[Aim of the task] What you return must match the listing exactly, with every image removed.
### Information provided ###
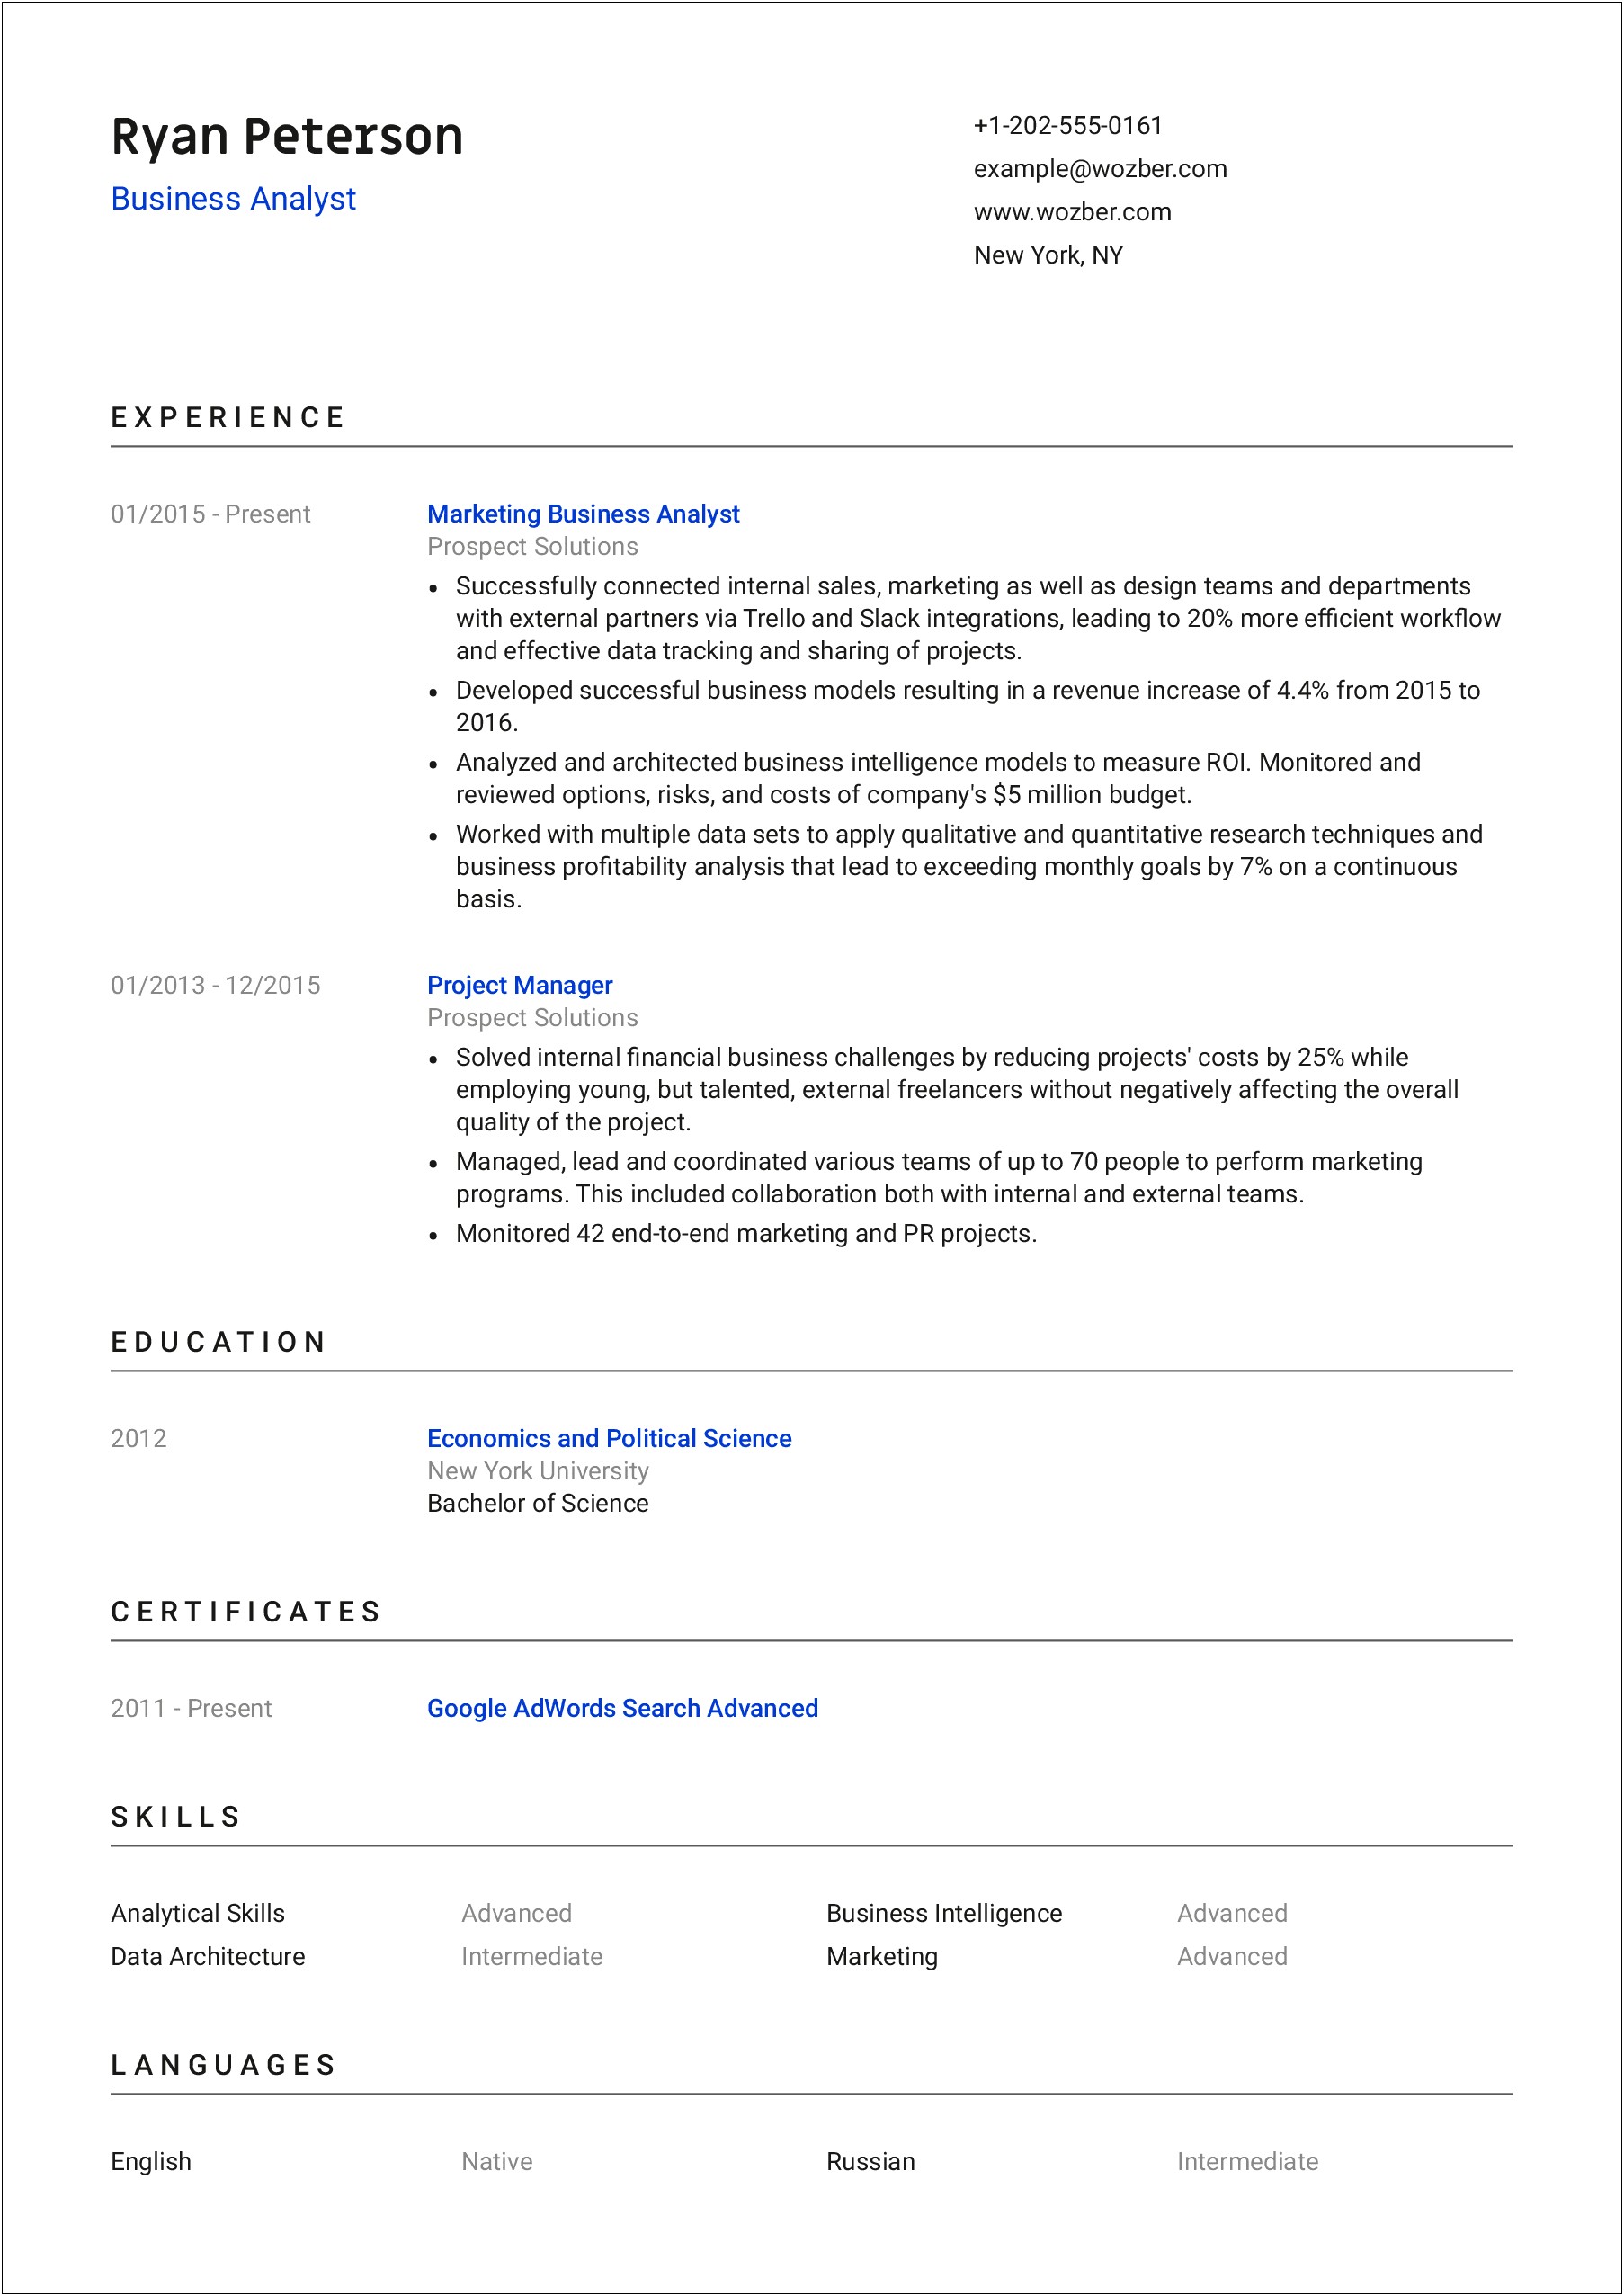 Resume Template For Lack Of Experience
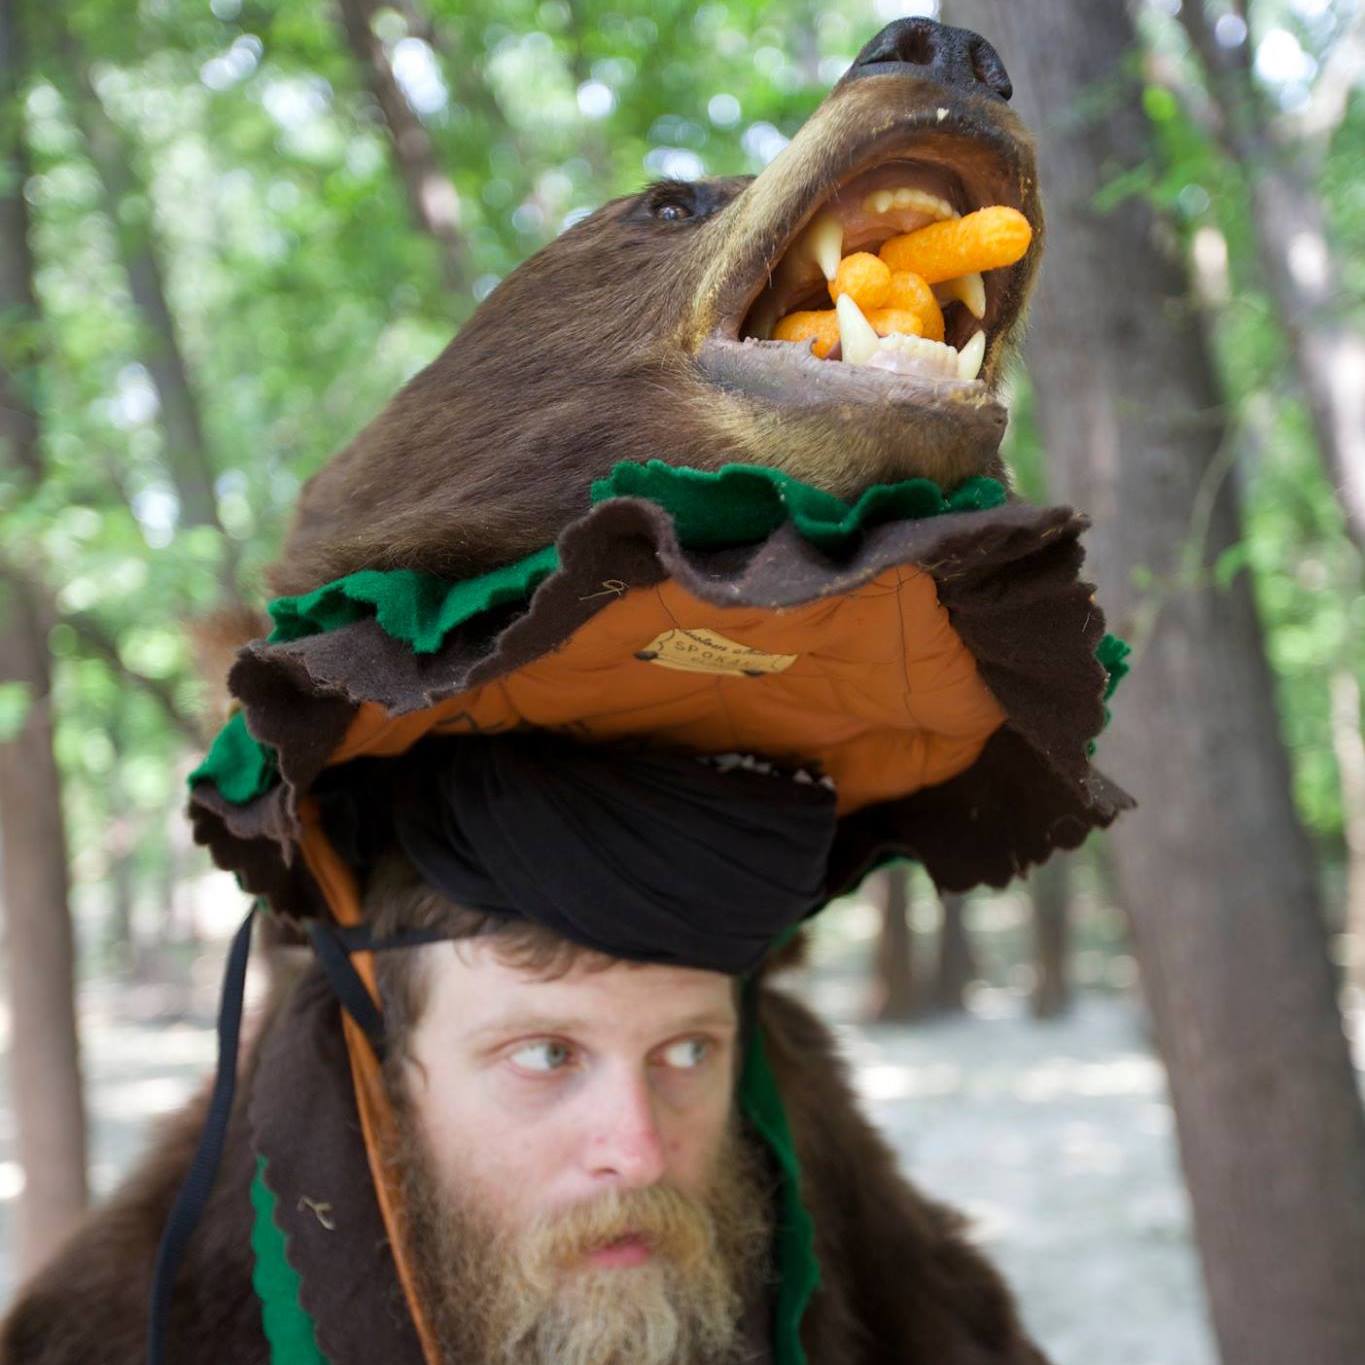 A person wearing a bear head hat with cheese puffs in the mouth, with trees in the background
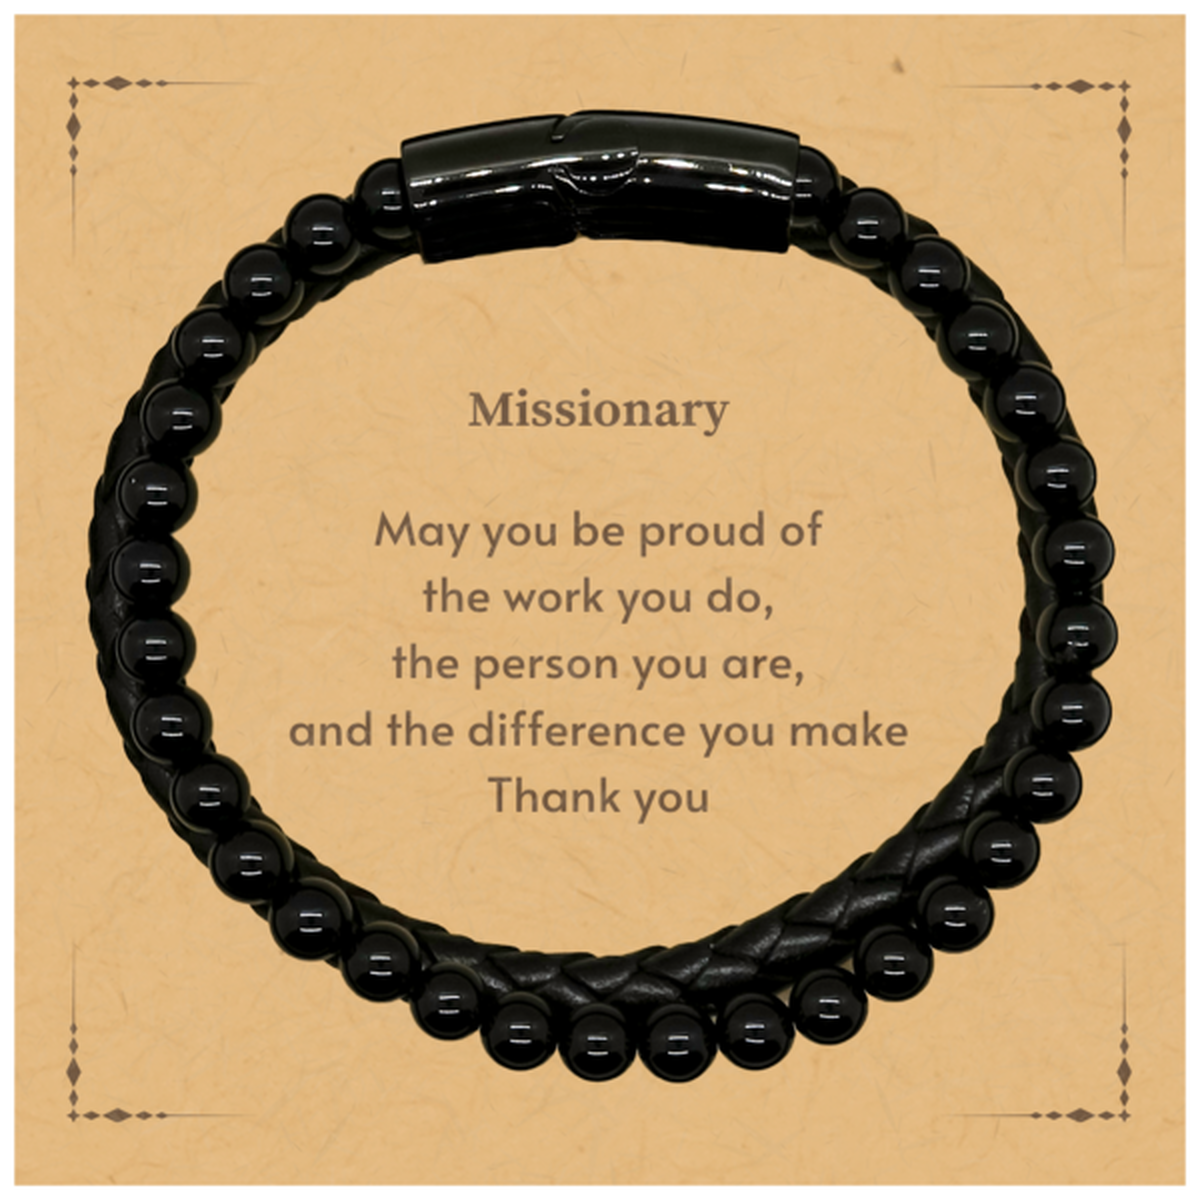 Heartwarming Stone Leather Bracelets Retirement Coworkers Gifts for Missionary, Missionary May You be proud of the work you do, the person you are Gifts for Boss Men Women Friends
###
[Task output]
 Resume Template For Lack Of Experience
 A person wearing a bear head hat with cheese puffs in the mouth, with trees in the background
 Heartwarming Stone Leather Bracelets Retirement Coworkers Gifts for Missionary, Missionary May You be proud of the work you do, the person you are Gifts for Boss Men Women Friends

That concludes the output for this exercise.